Захотелось просто уйти в комнату, хлопнув дверью, но надо же сунуть в его глупую морду этот глупый подарок, новенькую американскую бензиновую зажигалку фирмы «Зиппо». Кстати, где она?

Вера, с отвращением отвернувшись, полезла в сумочку — а когда повернулась, перед глазами маячил невероятный, роскошный, яркий букет. Вот это да! Сто лет, а то и никогда такого не видела.

Опытный муж не лепетал, не мямлил, просто вручил цветы, дождался, пока жена — ну совершенно случайно — погрузит осунувшееся, усталое лицо в букет, вдохнет пусть и невнятный, но нежный аромат, сделал вид, что скромно отходит прибирать со стола. И тактически выверенно зашел с тыла.

Вера принялась было отбиваться:

— Сережа, погоди, с ума сошел!

— Ничего не слышу. И знать не хочу.

…Некоторое время спустя Акимов курил, выпуская дым в форточку, как и положено отцу семейства, непосредственно в собственной комнате, и любовался подарком. Хорошо, когда все само по себе складывается. Жаль, что редко.

Глава 4

Рассерженный Колька всегда носился мустангом, поэтому Наташка еле поспевала за ним, задыхалась. Но упрямо лепетала и ябедничала:

— …А потом Сонька говорит: пойдем посмотрим фильм. Я ей грю: нельзя, это для взрослых, а она: ничего, еще и пройдем бесплатно, или проведут.

Брат рявкнул:

— С чего вдруг?

Сестра с готовностью донесла:

— А она сказала: мол, если взросло себя вести да сказать слово волшебное…

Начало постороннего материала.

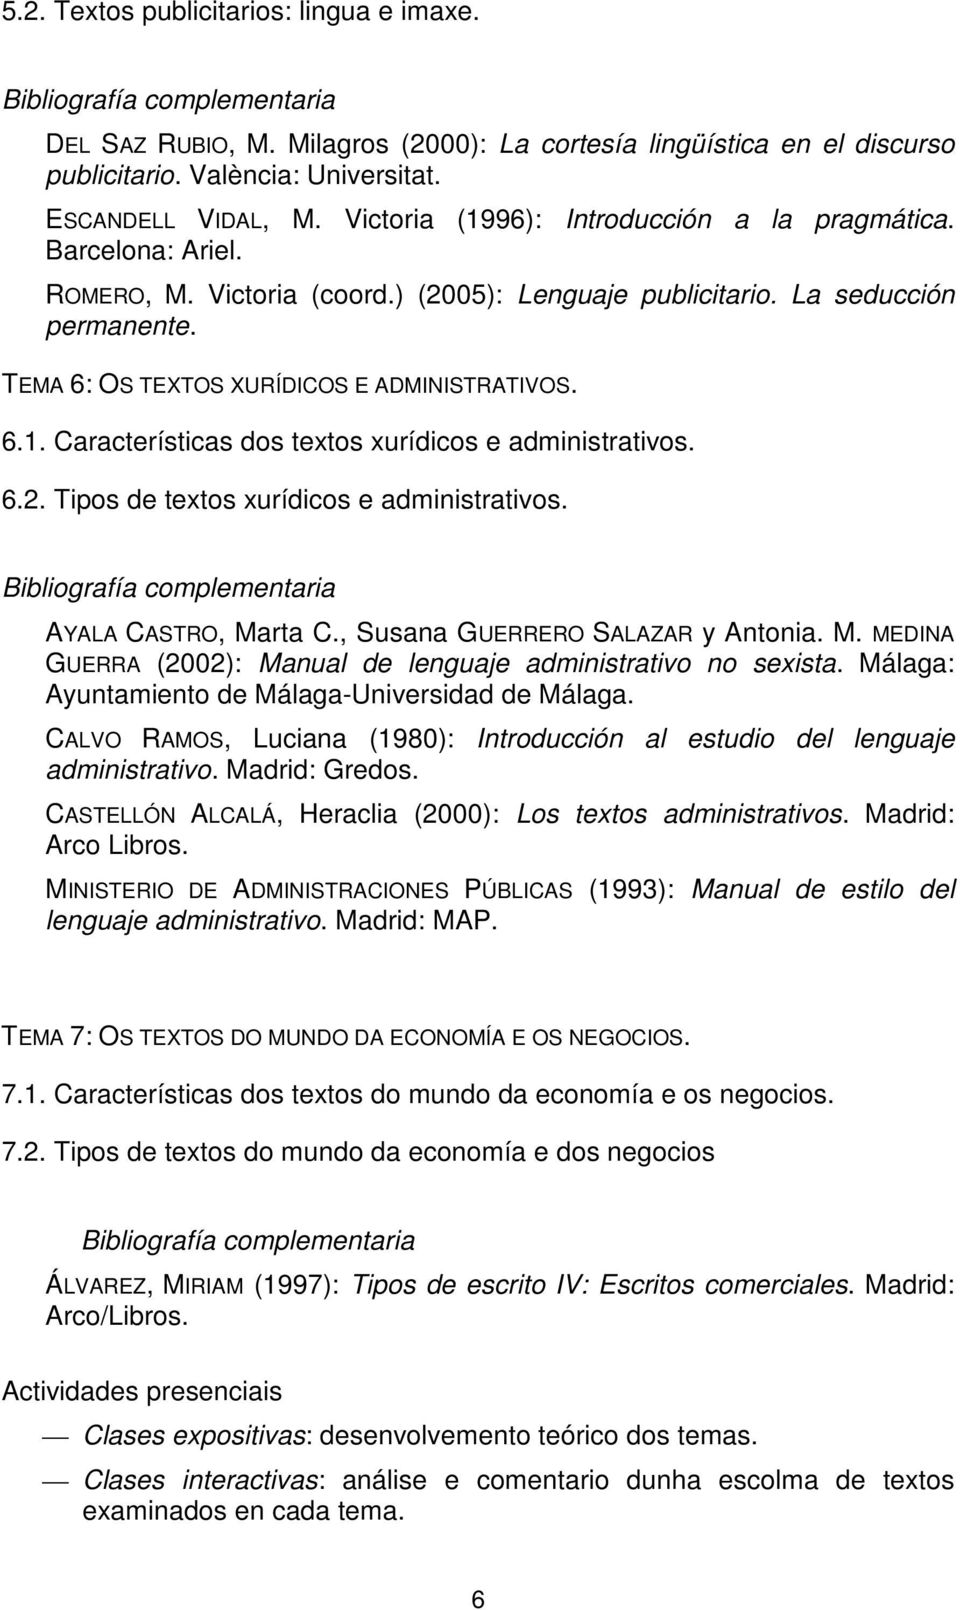 6.2. Tipos de textos xurídicos e administrativos. AYALA CASTRO, Marta C., Susana GUERRERO SALAZAR y Antonia. M. MEDINA GUERRA (2002): Manual de lenguaje administrativo no sexista.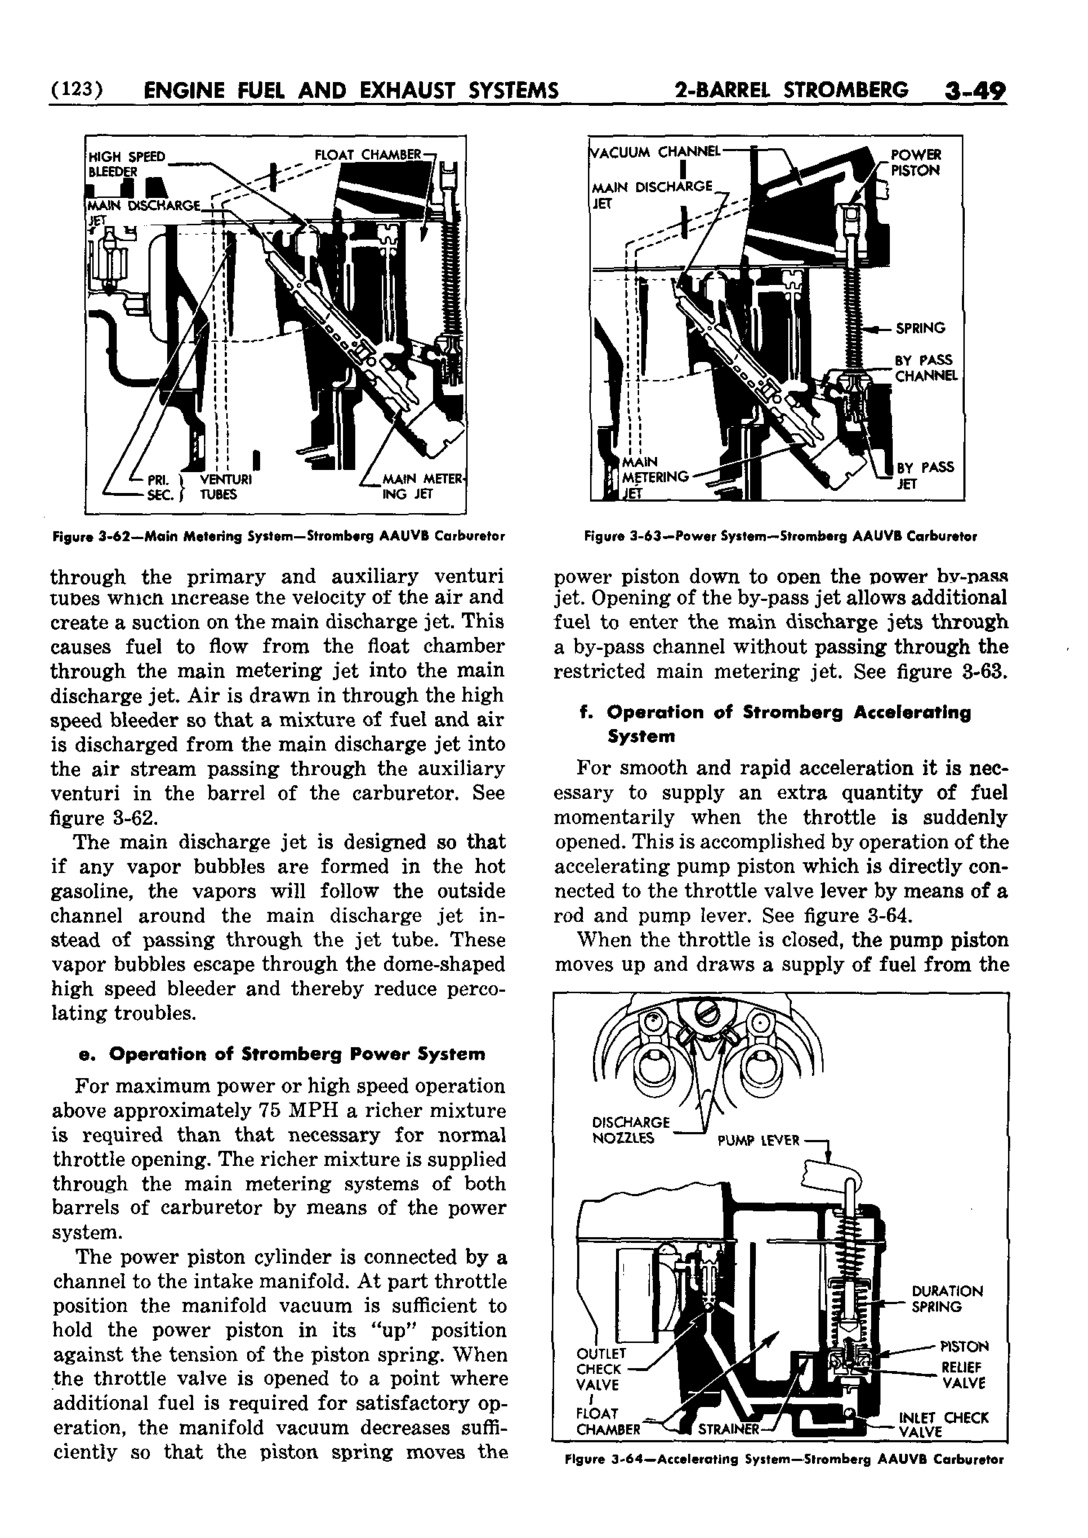 n_04 1952 Buick Shop Manual - Engine Fuel & Exhaust-049-049.jpg

Было видно, что по итогам приключеньица перетрусила она ужасно и до небес рада тому, что наконец следует домой — даже несмотря на то, что маячит впереди серьезная головомойка.

— Не ругайся, Коля.

— И не собираюсь, я это матери предоставлю, — пообещал брат, — пошли, понимаешь, культурно просвещаться, в кино на вечерний сеанс. Как это вам в голову-то взбрело?!

Наташка открыла было рот, и Оля, которая легкой иноходью поспевала рядом, немедленно ласково спросила:

— А ты, сестренка, видать, испугалась?

— Да, — тоненько вякнула та.

— А с чего? Что-то случилось?

Наташка рот закрыла, поежилась, помялась, а потом смущенно призналась, что нет, не случилось, но просто уж… темно и страшно.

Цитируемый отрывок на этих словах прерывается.